- Provided information -
────────
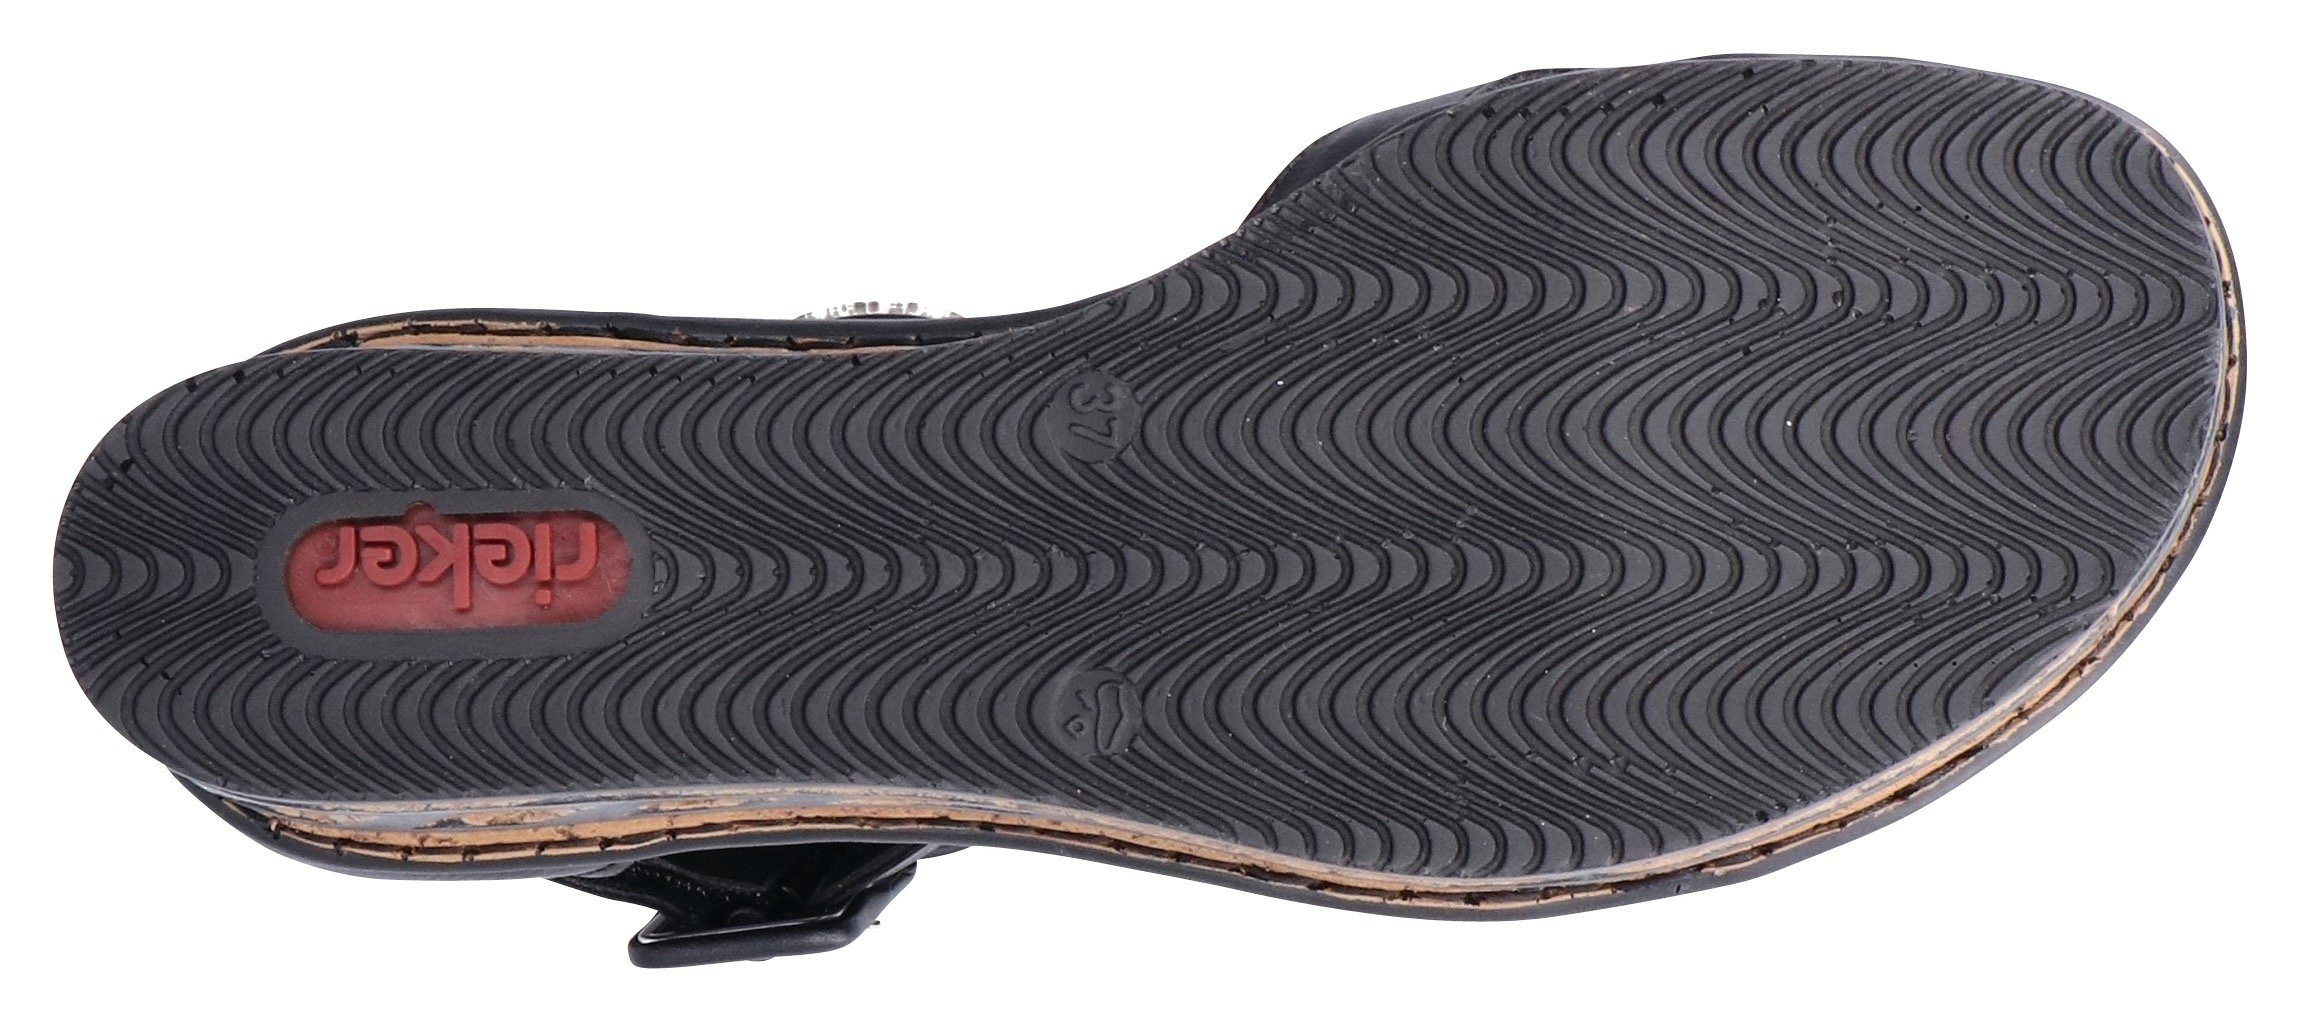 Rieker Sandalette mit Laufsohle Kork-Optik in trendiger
────────
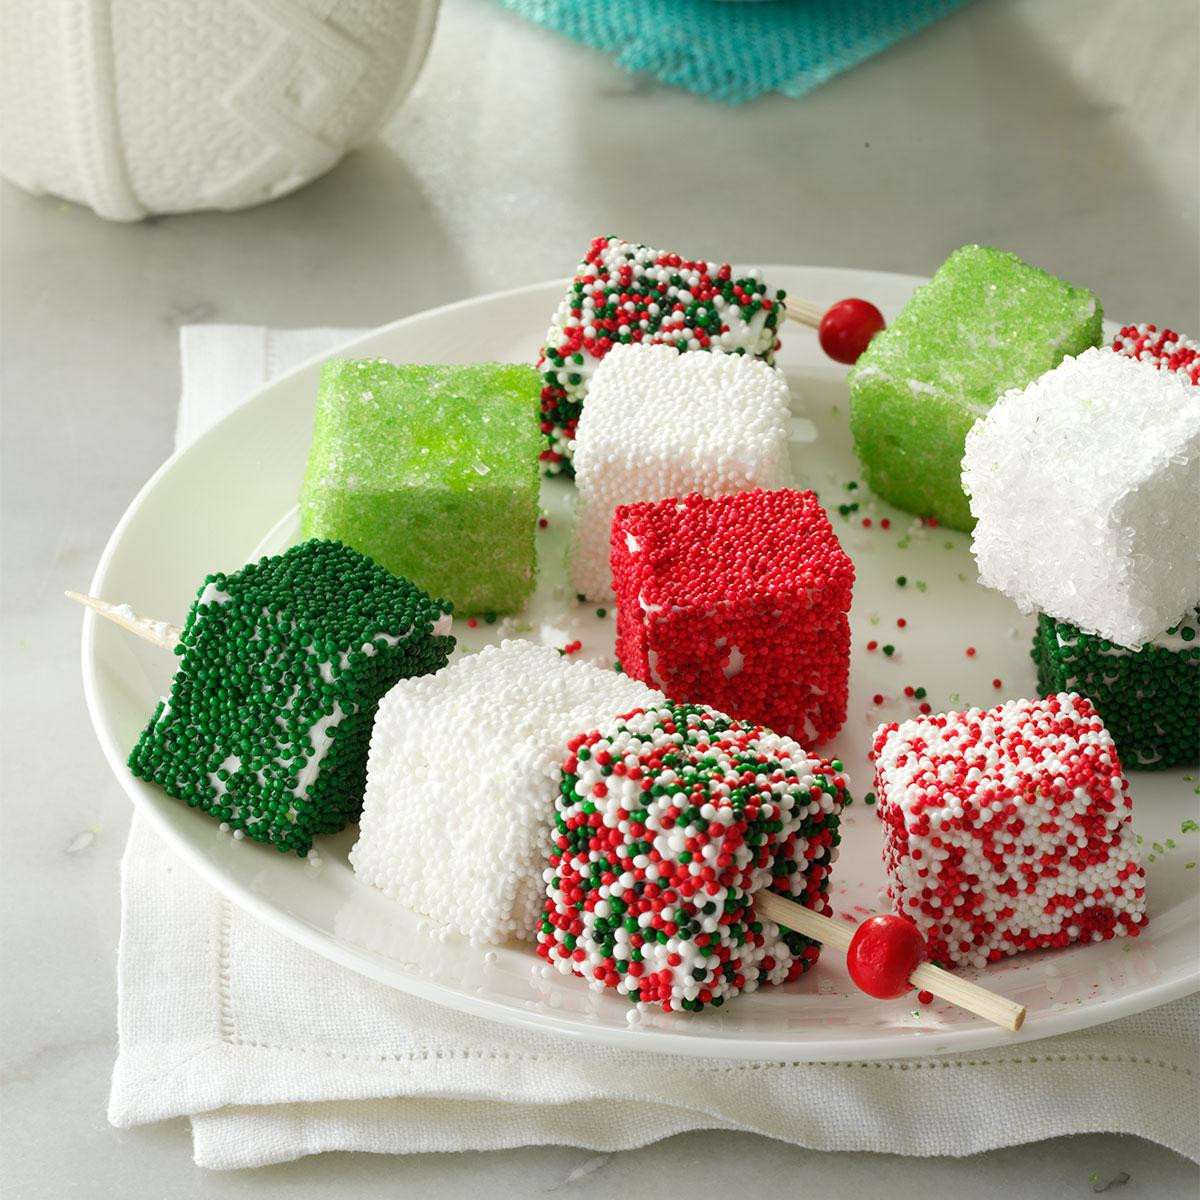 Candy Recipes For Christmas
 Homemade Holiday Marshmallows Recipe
────────
- What is expected -
From the listing above, repeat only the lines between the line containing "Candy Recipes For Christmas" and the line containing "Homemade Holiday Marshmallows Recipe", those two included. Pictures are not part of the copy.

- Solution to this exercise -
 Candy Recipes For Christmas
 Homemade Holiday Marshmallows Recipe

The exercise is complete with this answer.